There's nothing that says paint has to be in tubes. As long as no solents were used to revitalize the paint first even a ziploc-type snack bag with the air squeezed out. Linseed and walnut oils are no different than cooking oils to food storage containers. For terps and OMS you might want to test to see if it might disolve the plastic, I know the Spike Lavender does eat into some plastics...

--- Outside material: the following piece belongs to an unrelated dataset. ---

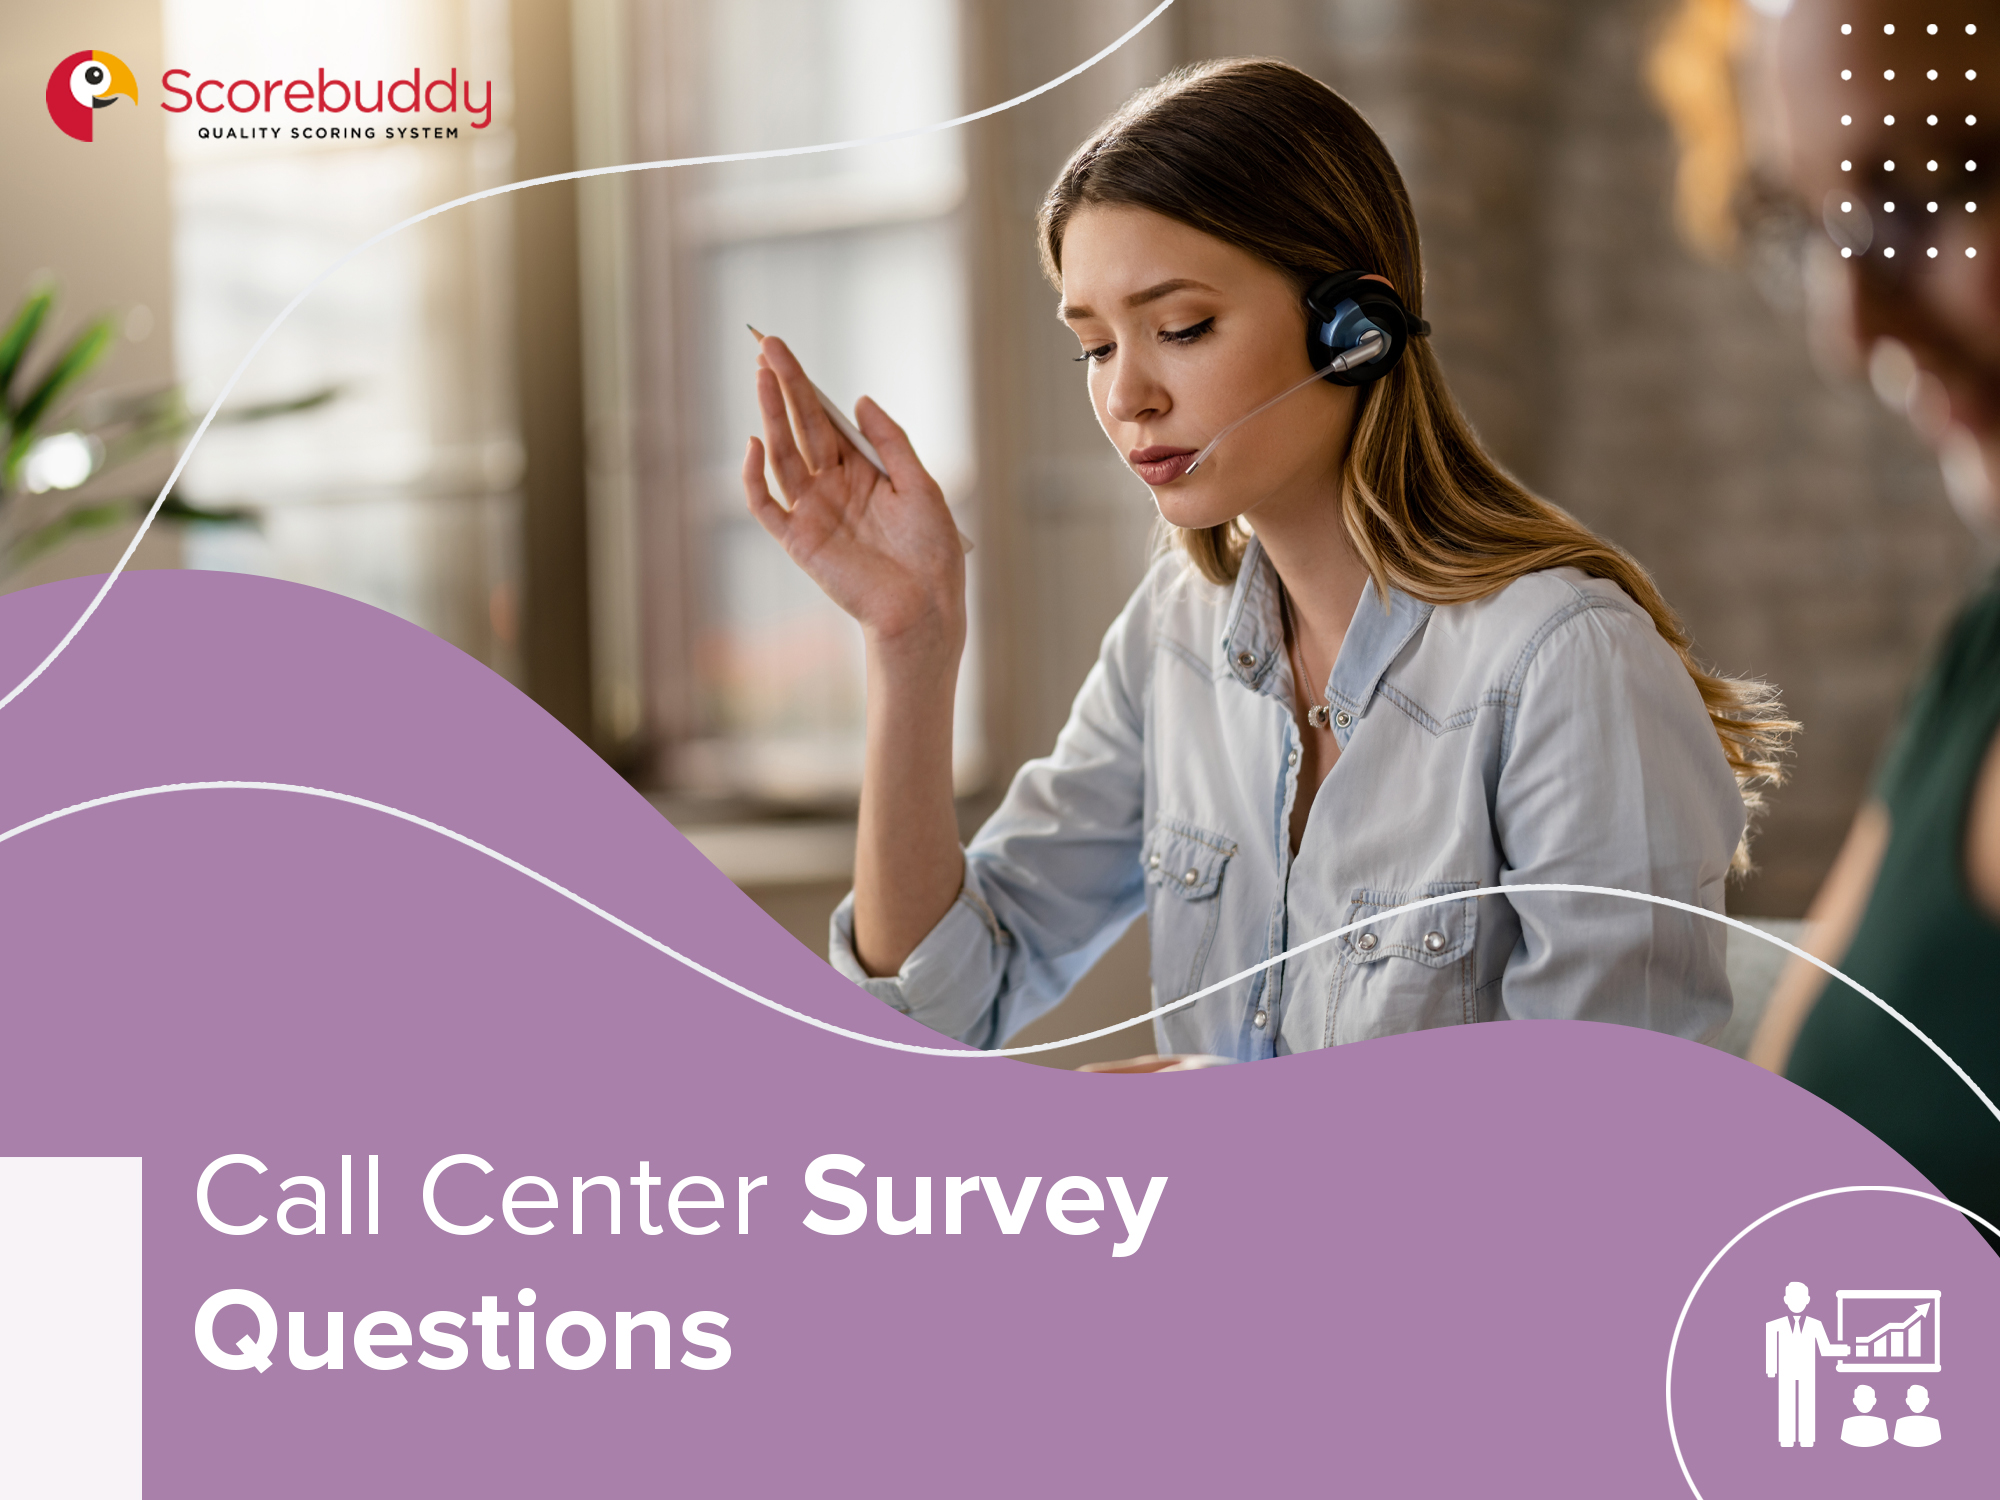 How does Call Center Survey Lead to Better Performance?

With WMO paints, I don't know if you can submerge then underwater to preserve them like traditional linseed oil paints.

MrsSellers
04-12-2019, 03:05 PM
I put paint back into tubes all the time. I put some on the tip of the palette knife and poke it into the hole. I can squeeze the sides of the tube and it'll usually suck it right in. If that doesn't work, I hold the tube upright in my fist and lightly pound the table so that the tube doesn't hit the table. Works almost every time and saves a ton of paint. It isn't tedious because I don't squeeze out a lot of paint at a time.

sidbledsoe
04-12-2019, 07:44 PM
Some folks don't want to use solvent so that is not an option for them, .

Yes, said "I use" and assumed that it would be a no brainer for the poster and they would know whether to use it or not.

I now know someone who squishes paint back into those little orifices, and does it all the time :lol: .

MarcF
04-12-2019, 09:18 PM
I knew it was something simple like that.